# 1.2 and 1.3 Data Cleaning for train Data

In [88]:
import pandas as pd
import numpy as np
trainData = pd.read_csv('dataset/cases_train.csv')
testData = pd.read_csv('dataset/cases_test.csv')

In [89]:
#Remove outlier of NaN rows
trainData[trainData['latitude'].isnull()]

Unnamed: 0,age,sex,province,country,latitude,longitude,date_confirmation,additional_information,source,outcome
26410,,female,,,,,,,,nonhospitalized
230376,,,,,,,,,,nonhospitalized


In [90]:
trainData = trainData.drop([26410,230376]).reset_index()

# Cleaning age and binning

In [91]:
changingToNaN = ['30-39','0-9','10-19','21-39','65-','13-19','22-80','21-61','13-69','18-65','8-68','33-78','0-19','20-39','60-','25-59','19-77','30-70','20-57','21-72','2-87','18-','11-80','18-99','50-69','18-50','40-69','16-80','28-35','0-18','13-65','40-89','34-66','9-69','80-','20-69','23-72','23-84','38-68','22-60','50-100','41-60','27-40','27-58','18-60','30-40','18 - 100','18-49','50-99','0-60','39-77','19-65','34-44','19-75','20-70','15-88','4-64','17-66','17-65','30-35','0-10']
#these are the values that simply do not work with our binning strategies, therefore for analysis we will change these values to NaN instead
for i in changingToNaN:
    trainData['age'] = trainData['age'].replace({i:np.NaN})

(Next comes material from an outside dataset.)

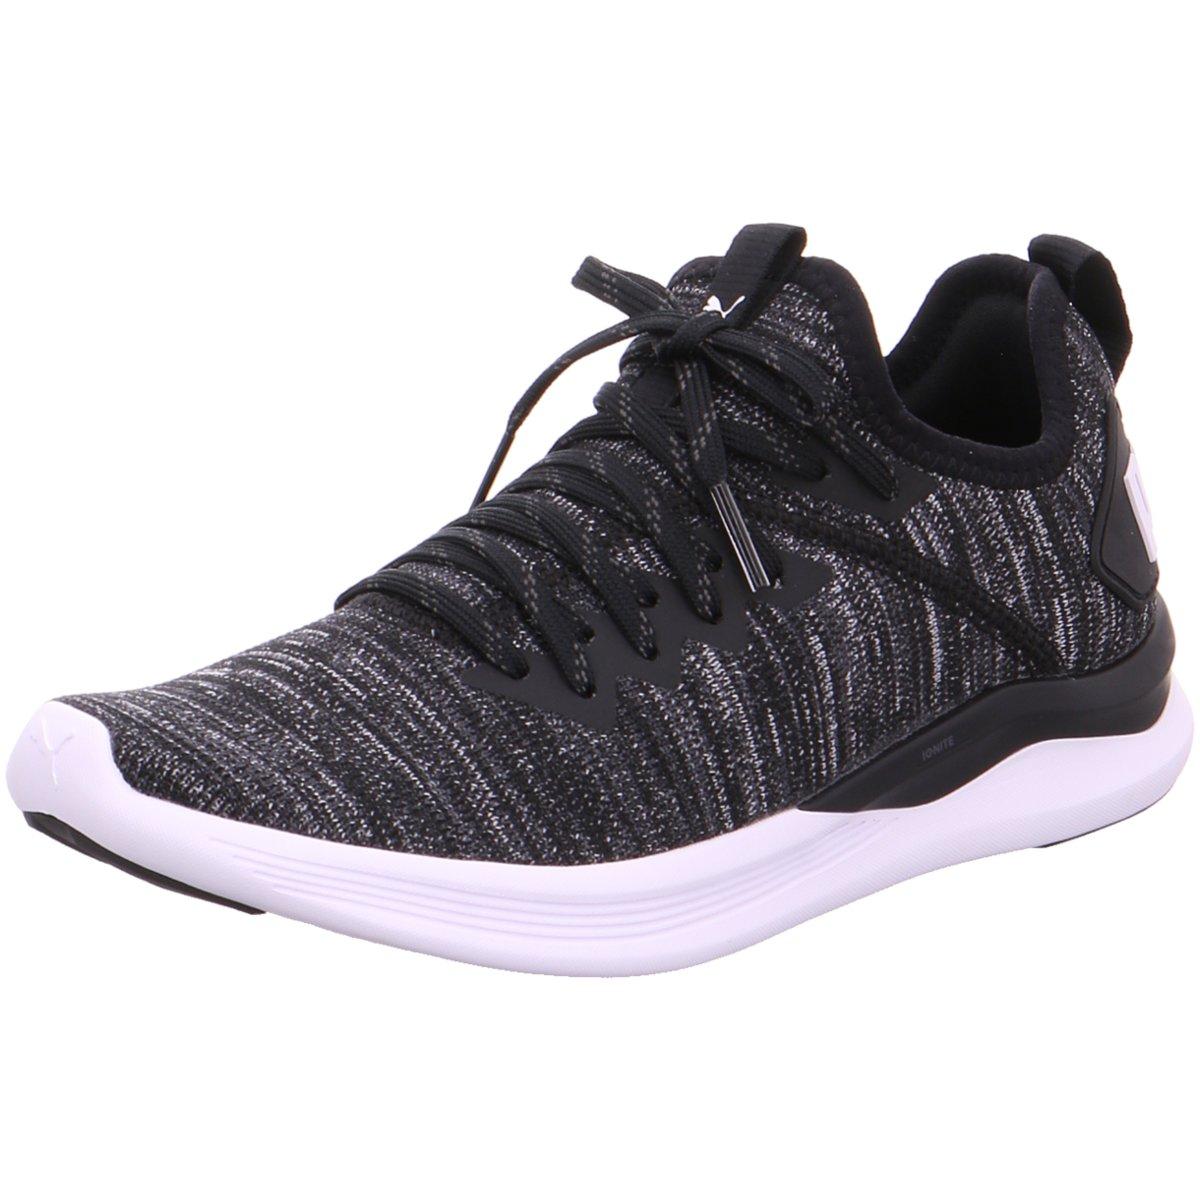 NEU Puma Damen Sneaker Ignite Flash evoKnit 190511/001 schwarz 411760
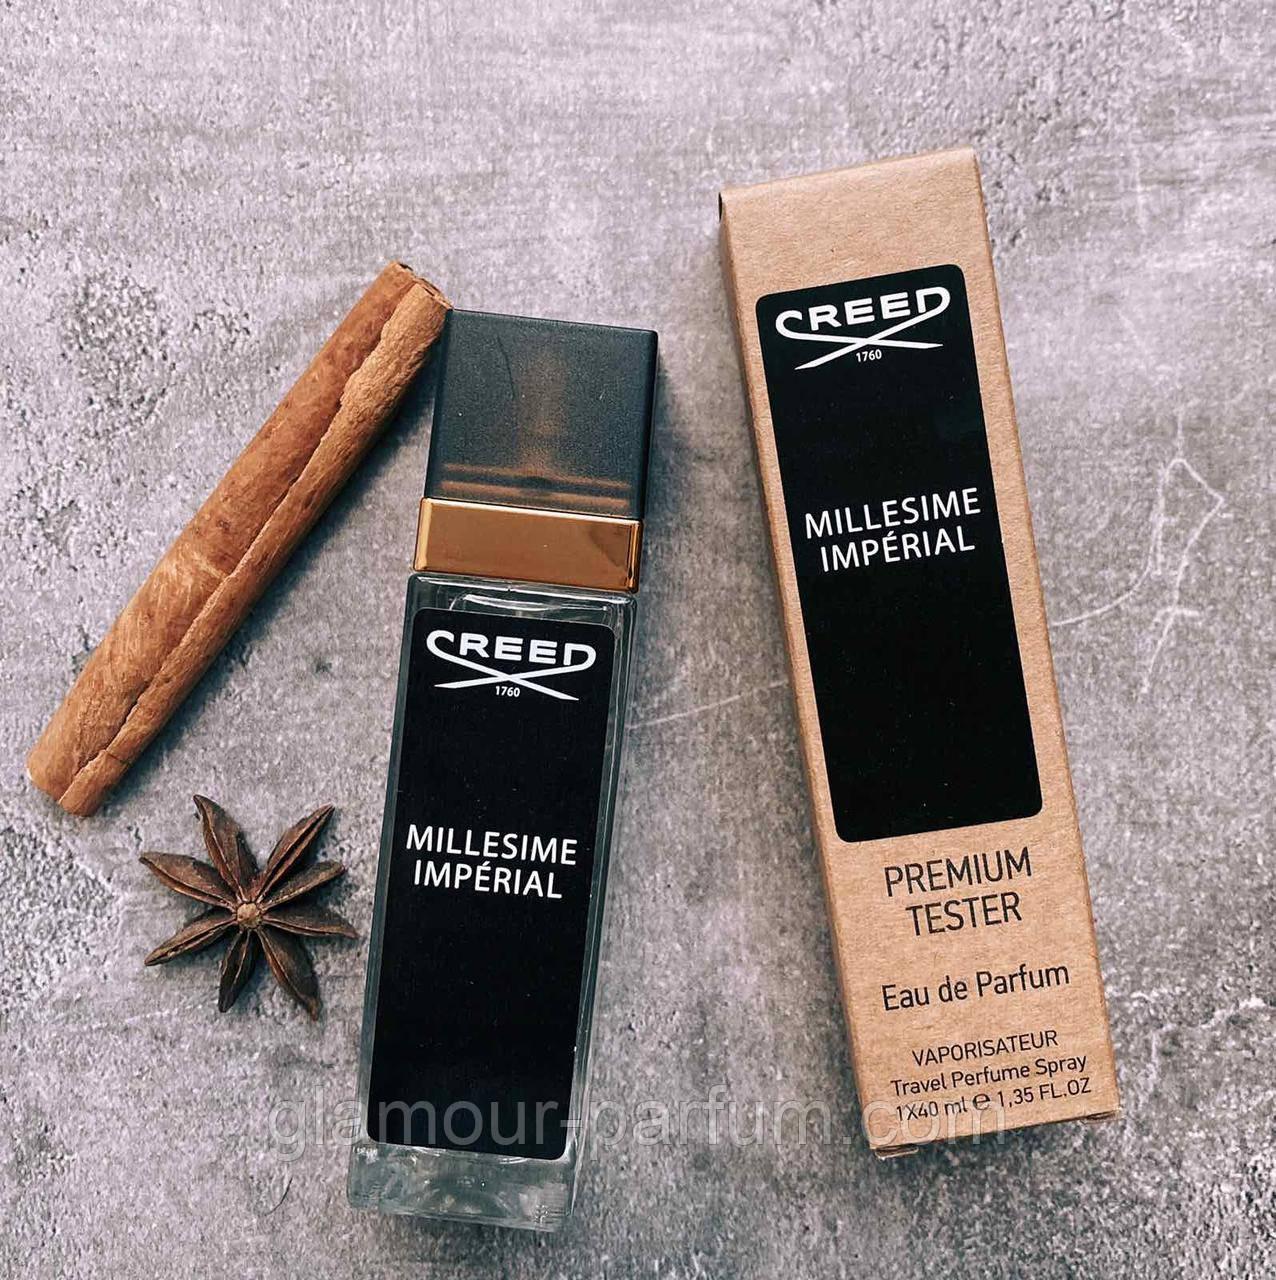 TESTER міні-парфуми Creed Milessime Imperial (Крід Миллисиме Імперіал) 40мл репліка ОПТ

trainData['age'] = trainData['age'].replace({'80+':'80'})   
trainData['age'] = trainData['age'].replace({'90+':'90'})
trainData['age'] = trainData['age'].replace({'85+':'85'})
trainData['age'] = trainData['age'].replace({'8 month':'0.67'})
trainData['age'] = trainData['age'].replace({'5 month':'0.42'})

In [92]:
i = 0
while i < len(trainData['age']): #iterating throuh database
    if type(trainData['age'][i]) == str: #skip NaN values
        x = trainData['age'][i]
        x = x.split('-') #split the string on '-' 
        if len(x) == 2: #these are the values that are a range
            trainData['age'] = trainData['age'].replace({trainData['age'][i]:x[0]}) #replace the range with simply the lower bound of range (this will be fine as we are binning on the whole range of all these values)
    
    i += 1

In [93]:
#because we are binning with on [0,4],[5,14],[15,34],[35,59],[60,79],[80+] (notice they are all tight boundaries) therefore we dont care about any values that are decimal and we can simply make all values int

trainData['age'] = pd.to_numeric(trainData['age'],downcast='integer')

In [94]:
bins = [-0.1, 4, 14, 34, 59, 79, 150]
trainData['binned'] =  np.searchsorted(bins, trainData['age'].values)

# Impute 'Unknown' for missing sex, province, additional_information, and source

In [95]:
trainData['sex'] = trainData['sex'].fillna('Unknown')
trainData['province'] = trainData['province'].fillna('Unknown')
trainData['additional_information'] = trainData['additional_information'].fillna('Unknown')
trainData['source'] = trainData['source'].fillna('Unknown')

#Only rows with missing country had a province of Taiwan so fill country column with Taiwan
trainData['country'] = trainData['country'].fillna('Taiwan')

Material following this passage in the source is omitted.